Democrats privately called the issue a distraction when the party should be laser-focused on keeping comfortable majorities in Congress. The political climate already favors Republicans as economically struggling voters look to unleash their fury on the party in power.
White House aides have spent four days trying to explain exactly where the normally eloquent president stands on the mosque. Obama's ringing statement in support of religious equality Friday, followed a day later by a caveat, stoked anew false Internet rumors about his citizenship and religion.

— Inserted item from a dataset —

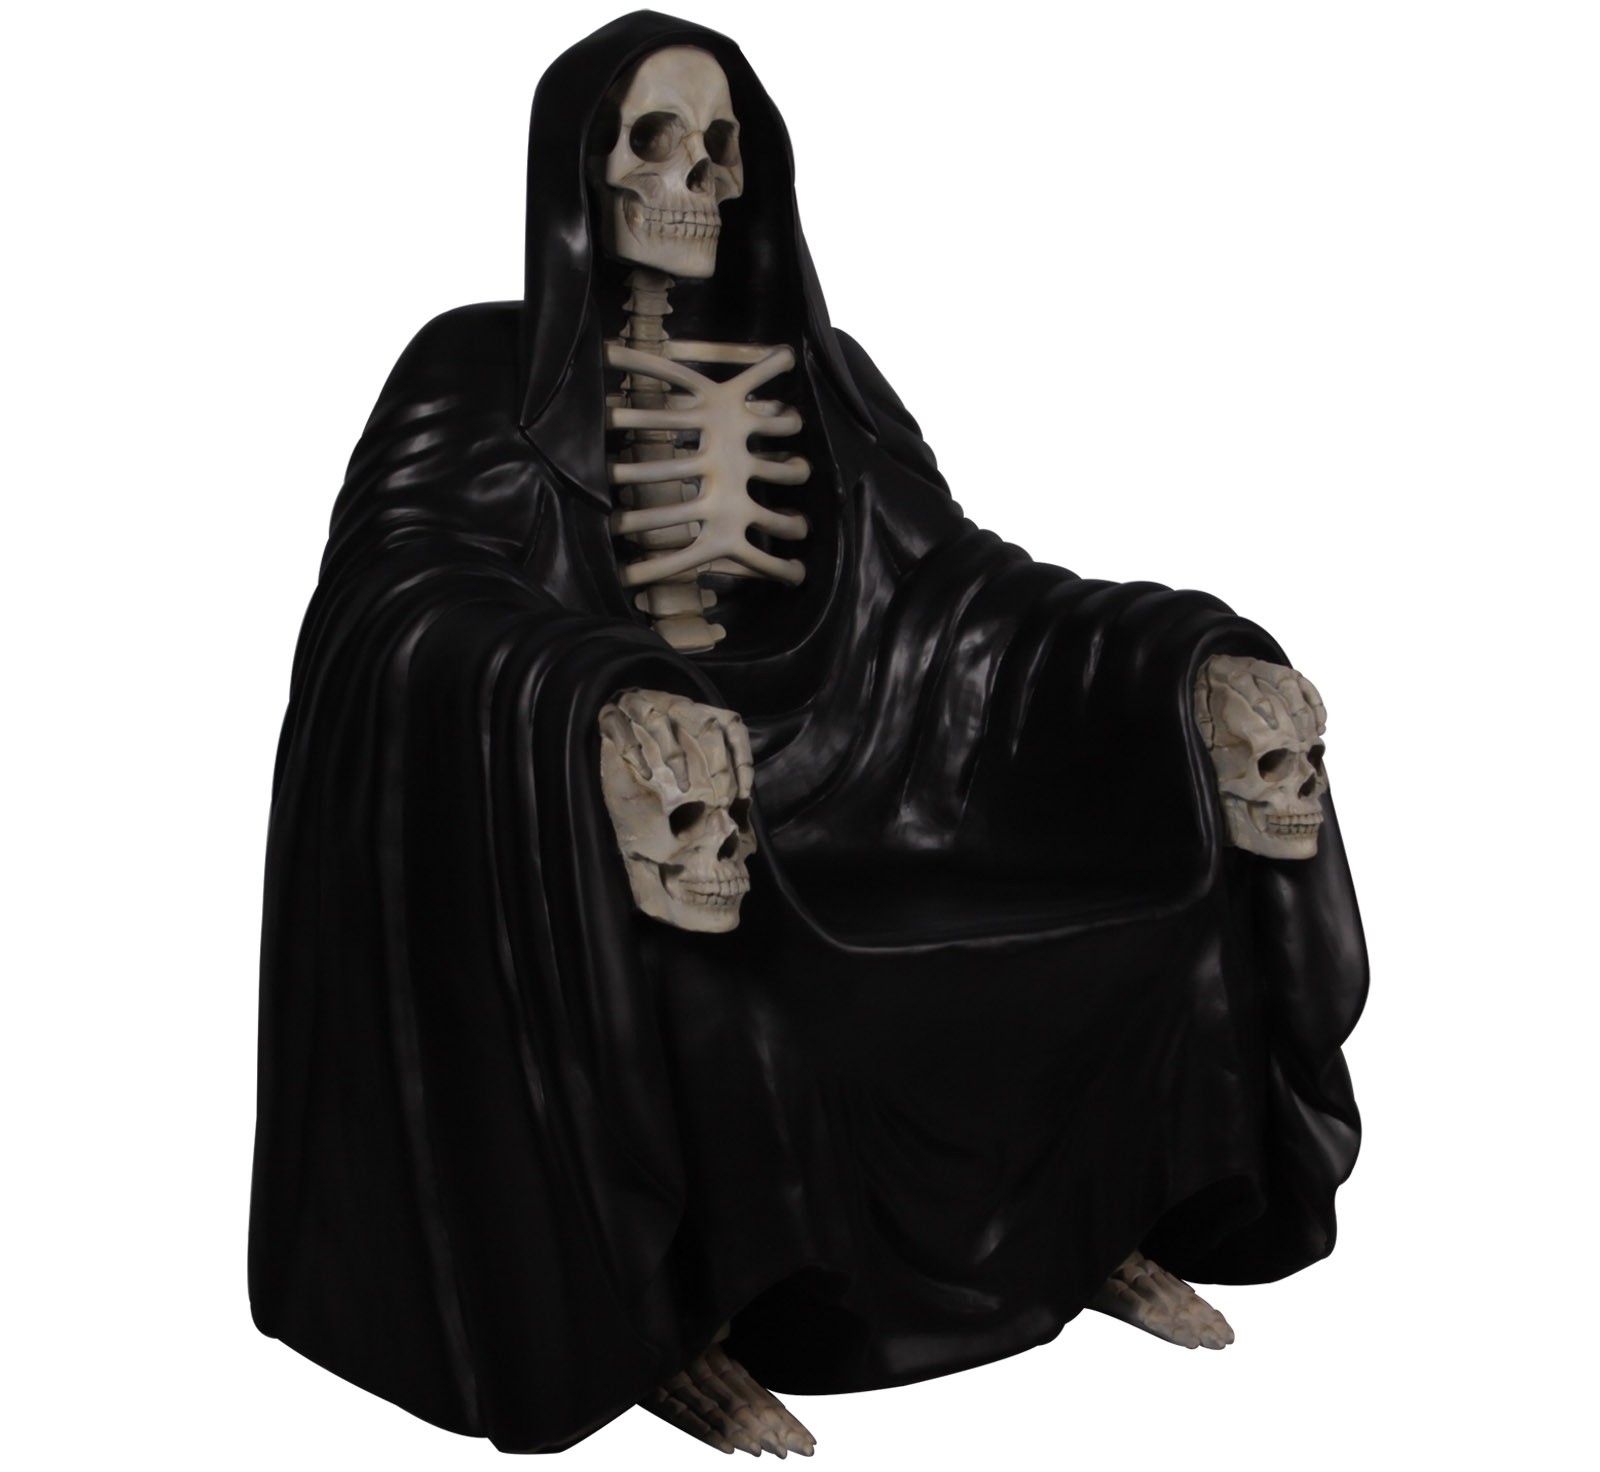 Grim Reaper Throne - 131cm

Some Democratic candidates fear the political fallout that Republicans suggest is coming against those who support building a mosque two blocks from the lower Manhattan site of the Sept. 11, 2001, attacks. And some Republicans are trying to walk a careful line in their criticism, lest they be tagged religiously intolerant or be accused of stoking fear.
Former Sen. Dan Coats, who is challenging Rep. Brad Ellsworth for an Indiana Senate seat, said: "It's an insult I think to the people who lost lives there."
Former state Rep. Kevin Calvey, a Republican running for Congress in Oklahoma who served in Iraq, said ground zero is a "grossly inappropriate" place for a mosque. "I think it sends a message to terrorists that they've won, and I think that's a mistake," he said.
One of the few to praise the president was Republican-turned-independent Michael Bloomberg, the mayor of New York.
"If we shut down — shout down — a mosque and community center because it is two blocks away from the site where freedom was attacked, I think it would be a sad day for America," Bloomberg told reporters Monday.
For weeks, the White House had refused to interject itself into what it called a local zoning issue even though the mosque debate had taken on national significance with Republicans such as Sarah Palin and Newt Gingrich forcefully opposing it. Obama publicly commented on the issue only after Bloomberg delivered an impassioned supportive speech and after the plan cleared a final city regulatory hurdle.
It's a tricky issue and not just because of the emotional nature of the attacks executed by terrorists from Muslim countries. Americans view Muslims far less favorably than other religious groups. Obama has set a welcoming tone even as the Christian president has been falsely accused by conservative critics of secretly being Muslim or foreign-born.